PROBLEM =
Omitting all images, set down every line below exactly as it appears.
::: INFORMATION SHOWN
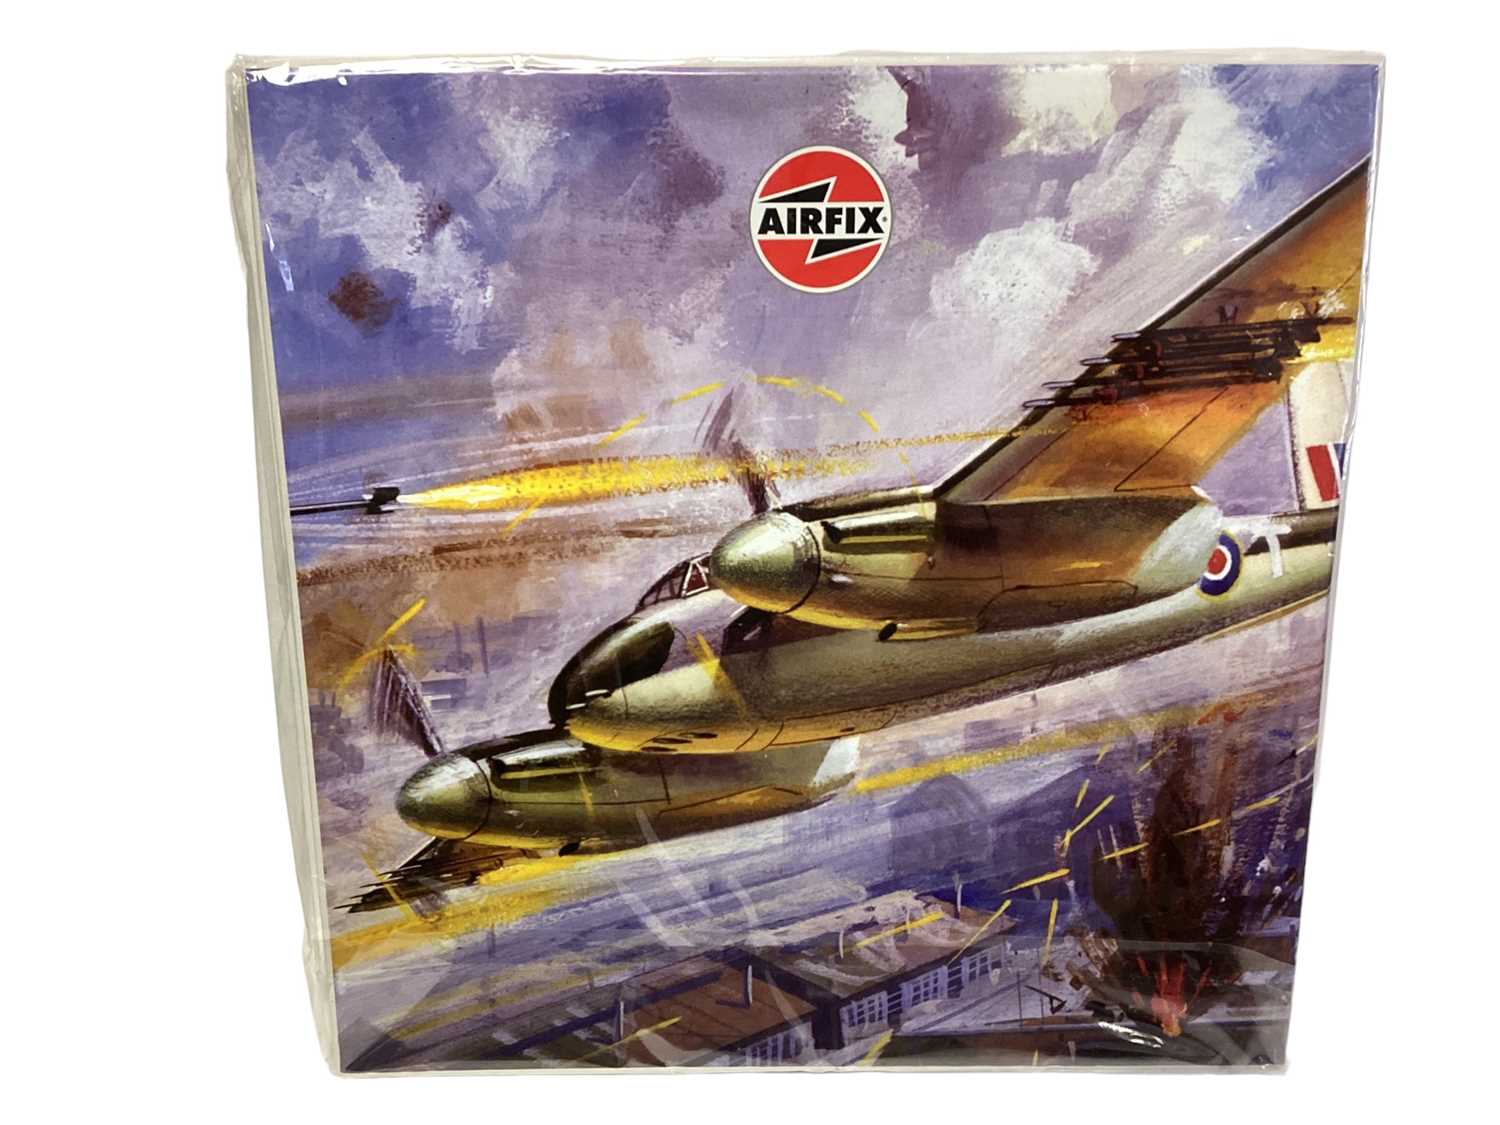 Airfix Large Collapsible Storage Box, with WWII fighter planes design (1) - Image 2 of 2
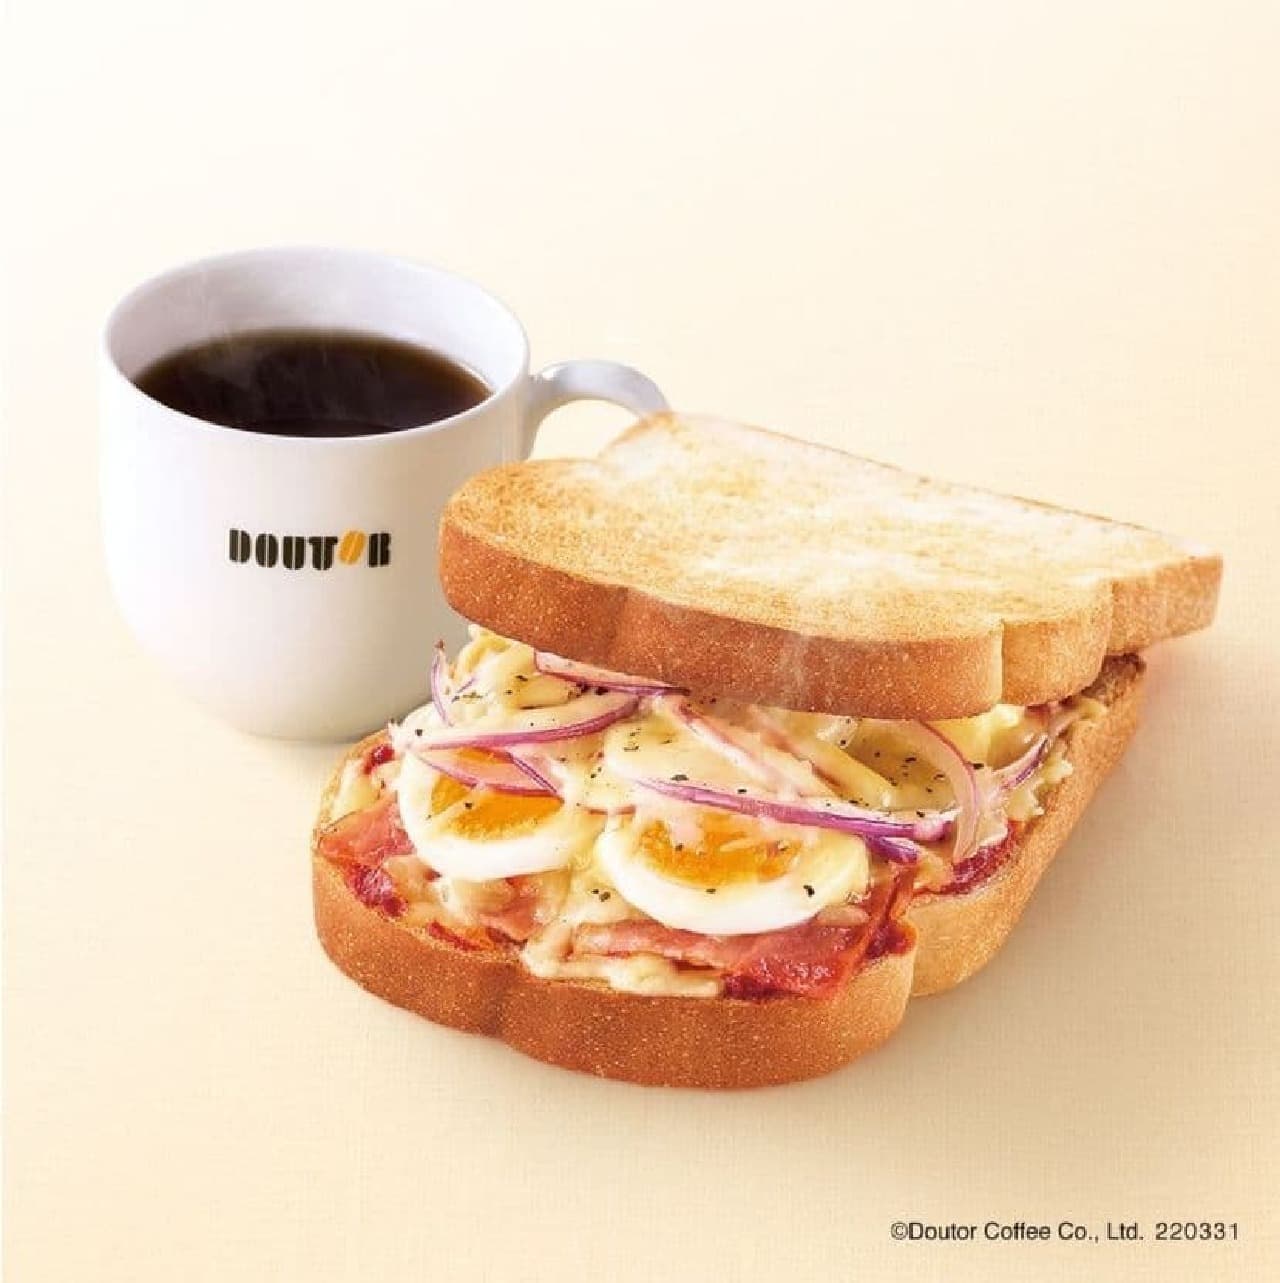 Doutor "Hot Morning Bacon & Eggs -Melting Three Kinds of Cheese
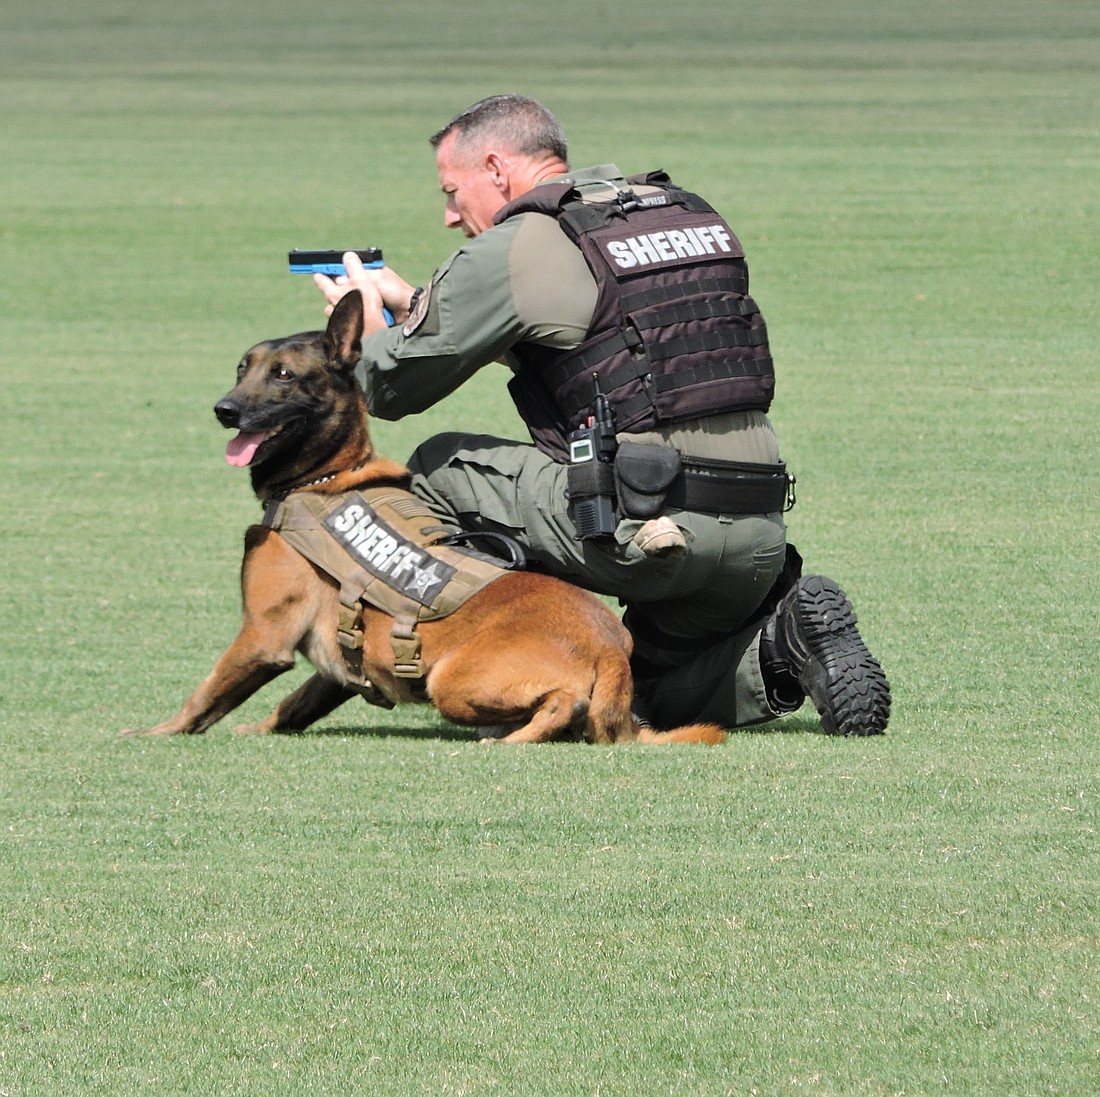 Deputy Mike Gerholdt and his dog, Boey, show the discipline needed when confronting a suspect.
::::::
RESPONSE =
 Airfix Large Collapsible Storage Box, with WWII fighter planes design (1) - Image 2 of 2
 Doutor "Hot Morning Bacon & Eggs -Melting Three Kinds of Cheese
 Deputy Mike Gerholdt and his dog, Boey, show the discipline needed when confronting a suspect.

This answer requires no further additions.